Defendant next contends the District Court erred in giving court's instruction No. 5 to the jury. Instruction No. 5 states:
"The law presumes that a person intends the ordinary consequences of his voluntary acts."
The given instruction paraphrases the language of section 93-1301-7(3), R.C.M. 1947, giving rise to the rebuttable presumption.
Defendant, in essence, contends the given instruction shifts to a defendant the burden of disproving an element of the crime charged, i.e. intent. It is maintained the state is thus relieved from proving an essential element of the crime charged, contrary to recent pronouncements of the United States Supreme Court. In re Winship (1970), 397 U.S. 358, 90 S. Ct. 1068, 25 L. Ed. 2d 368; Mullaney v. Wilbur (1975), 421 U.S. 684, 95 S. Ct. 1881, 44 L. Ed. 2d 508; Patterson v.
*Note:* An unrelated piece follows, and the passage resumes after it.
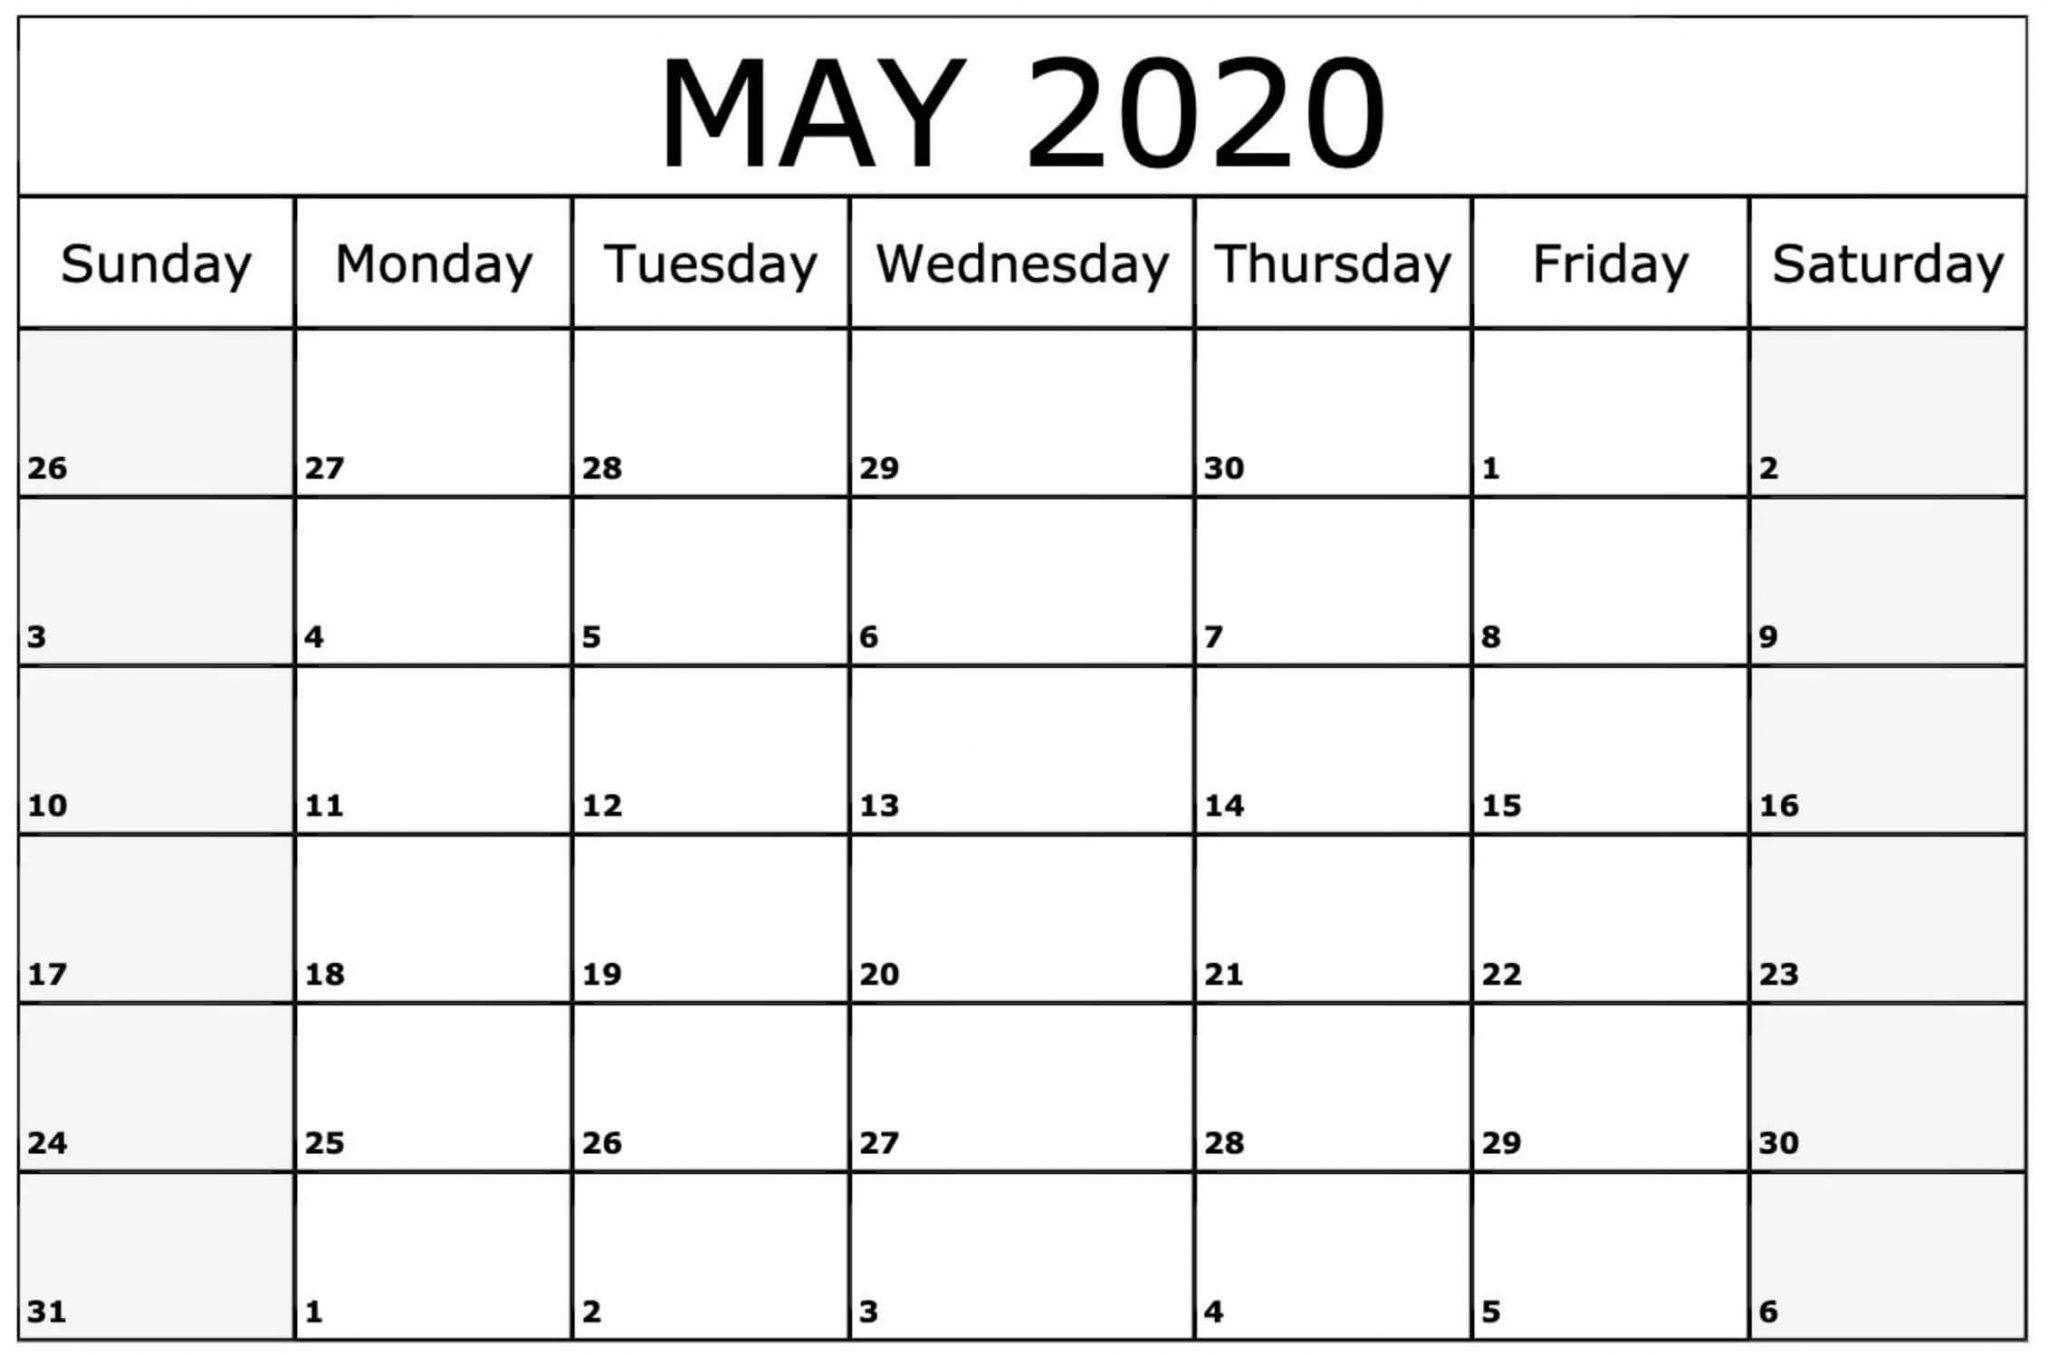 May 2020 Printable Calendar PDF

New York (1977), 432 U.S. 197, 97 S. Ct. 2319, 53 L. Ed. 2d 281.
The recent decisions relied on by defendant generally prohibit, under the auspices of the due process clause, shifting to a defendant, such as by presumption, the burden of proof regarding an essential element of the offense, most typically the element of criminal intent. In re Winship, supra; Mullaney v. Wilbur, supra; Patterson v. New York, supra. However, such cases do not prohibit allocation of some burden of proof to a defendant under certain circumstances. Rather, the concern expressed in such cases is that the State prove every element of the offense charged as that offense is defined by state law. State v. McKenzie, Mont., 581 P.2d 1205 (1978).
Moreover, an instruction similar in effect to that under consideration here has received recent consideration and approval by this Court in State v. Coleman, ___ Mont. ___, 579 P.2d 732, 35 St.Rep. 560. In fact, the very instruction was approved by this Court in State v. McKenzie, supra, by the following language:
"The presumptions that an unlawful act was done with unlawful intent, and that a person intends the ordinary consequences of his voluntary act, have been a part of Montana law since 1895. This Court has previously approved the use of these presumptions in criminal cases on the issue of intent. State v. Caryl, (1975), 168 Mont. 414, 426, 543 P.2d 389; State v. McLeod, (1957), 131 Mont. 478, 489, 311 P.2d 400, 407. See also, State v. Jones, (1963), 143 Mont. 155, 181, 387 P.2d 913. The conclusions drawn through the use of these presumptions are generally fair and reasonable ways to ascertain intent which, of course, can never be proved directly * * *." 581 P.2d 1222, ___ St.Rep. ___.
A review of the transcript of the trial in this case demonstrates that the State satisfied its burden of proof of each of the elements of the offense charged, including the element of intent. Defendant's sole burden under instruction No. 5 was to produce some evidence that he did not intend the ordinary consequences of his voluntary acts, not to disprove that he acted "purposely" or "knowingly". We hold the instruction does not violate due process standards as defined by the United States or Montana Constitution, and as interpreted by relevant case authority, and therefore does not constitute reversible error.
The conviction of defendant is affirmed.
HASWELL, C.J., and DALY, SHEA and SHEEHY, JJ., concur.